En ésas estaba cuando Tom Pullings, el capitán nominal del barco —nominal debido al incompetente plan de disfrazar la
Surprise
de barco corsario bajo el mando de un oficial sujeto a la media paga con tal de engañar a los españoles—, entró y exclamó:
—Ah, está usted ahí, doctor. ¡Qué noticias! No hará ni media ampolleta que el
Berenice
se puso en facha y picó la sonda, y la
Ringle
se abarloará directamente. ¡Killick, vamos, Killick! El doctor necesita su baúl, tan rápido como te sea posible.
Apenas salió por la puerta para encargarse de sus cosas, cuando Jack volvió a bordo trepando por la escala de popa.

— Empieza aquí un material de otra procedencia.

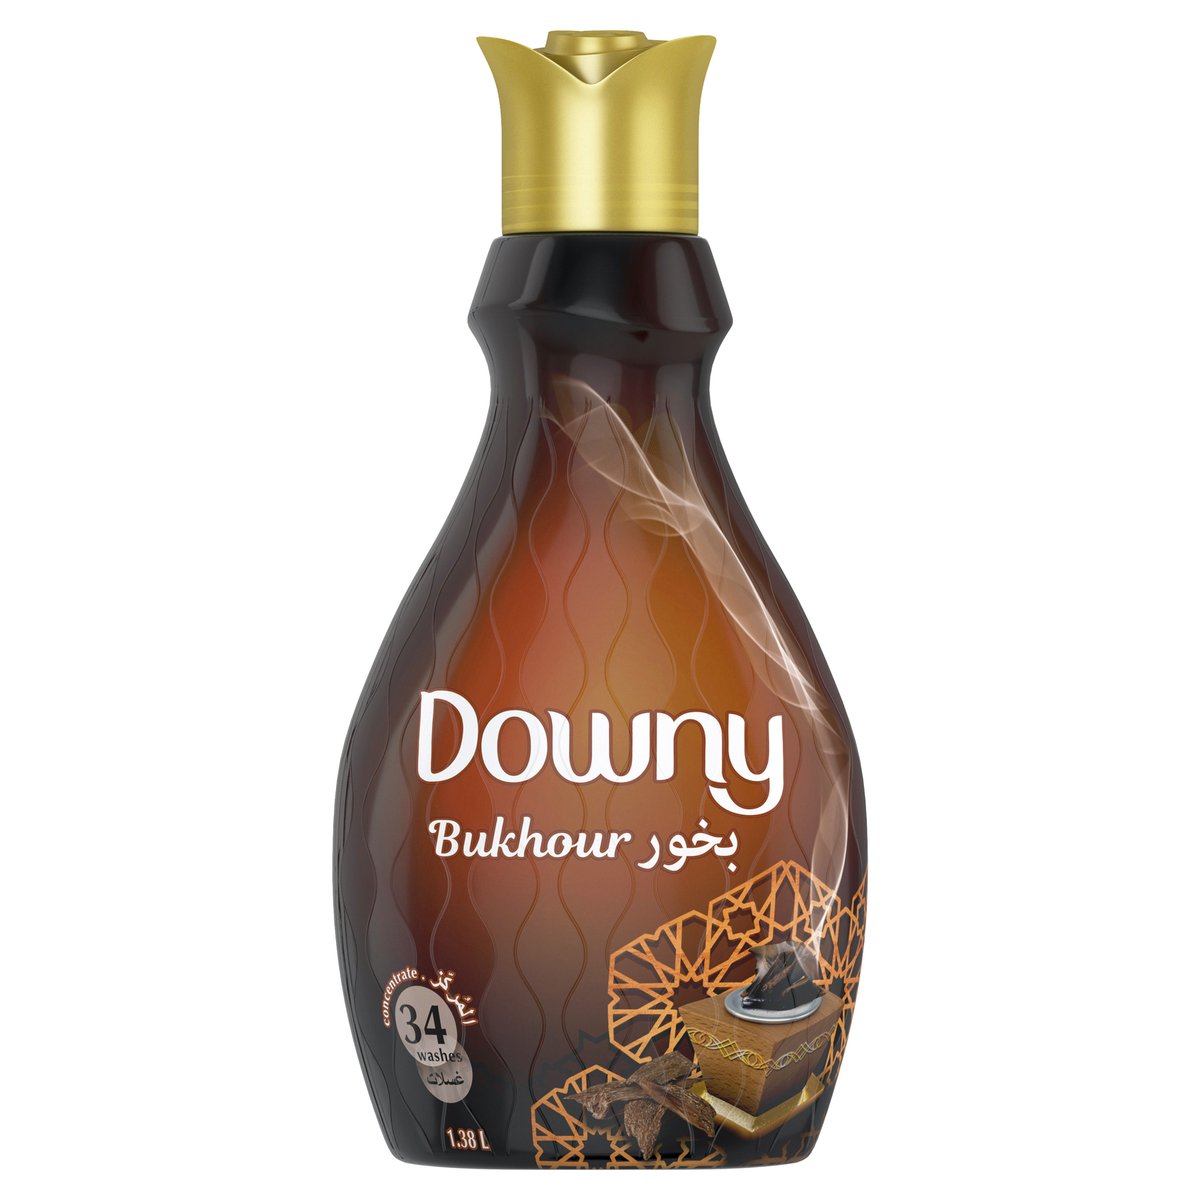 Downy Arabian Rituals Bukhour Fabric Softener For Up to 34 Washes 1.38Litre
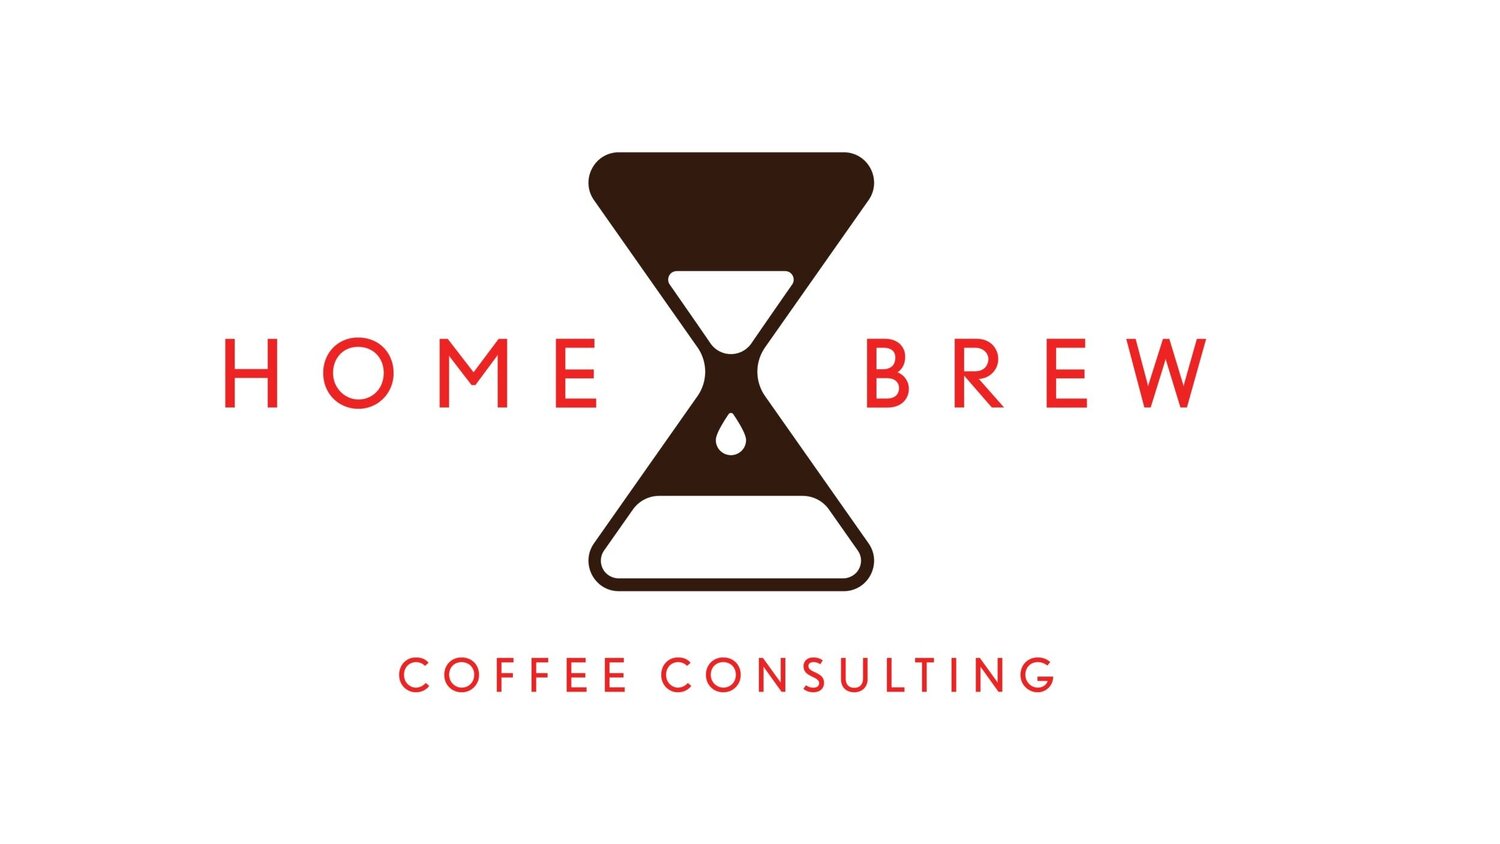 Home Brew Coffee Consulting

—¡Ah, estás ahí, Stephen! —exclamó—. Heneage puso al pairo su nave y ha picado la sonda: arena blanca y pequeñas conchas. Todo está dispuesto a bordo de la goleta. ¡Eh, Killick. Venga, Killick. El baúl del doctor…!
—Aquí lo tiene, ¿o está ciego? —protestó Killick, indignado a juzgar por el tono de su voz—. Todo encordado y bien encordado: el camisón encima de todo; calzoncillos; camisa de batalla y los calzones que debe ponerse al entrar por South Foreland; camisa blanca y chaqueta para Londres, y un par decente de calzones negros; la mejor peluca plegada a mano derecha, en la esquina delantera. —Caminaba pisando fuerte, y uno podía oírle empujar el baúl de un lado a otro, al tiempo que gritaba a su compañero—: ¡Más brío ahí, Bill!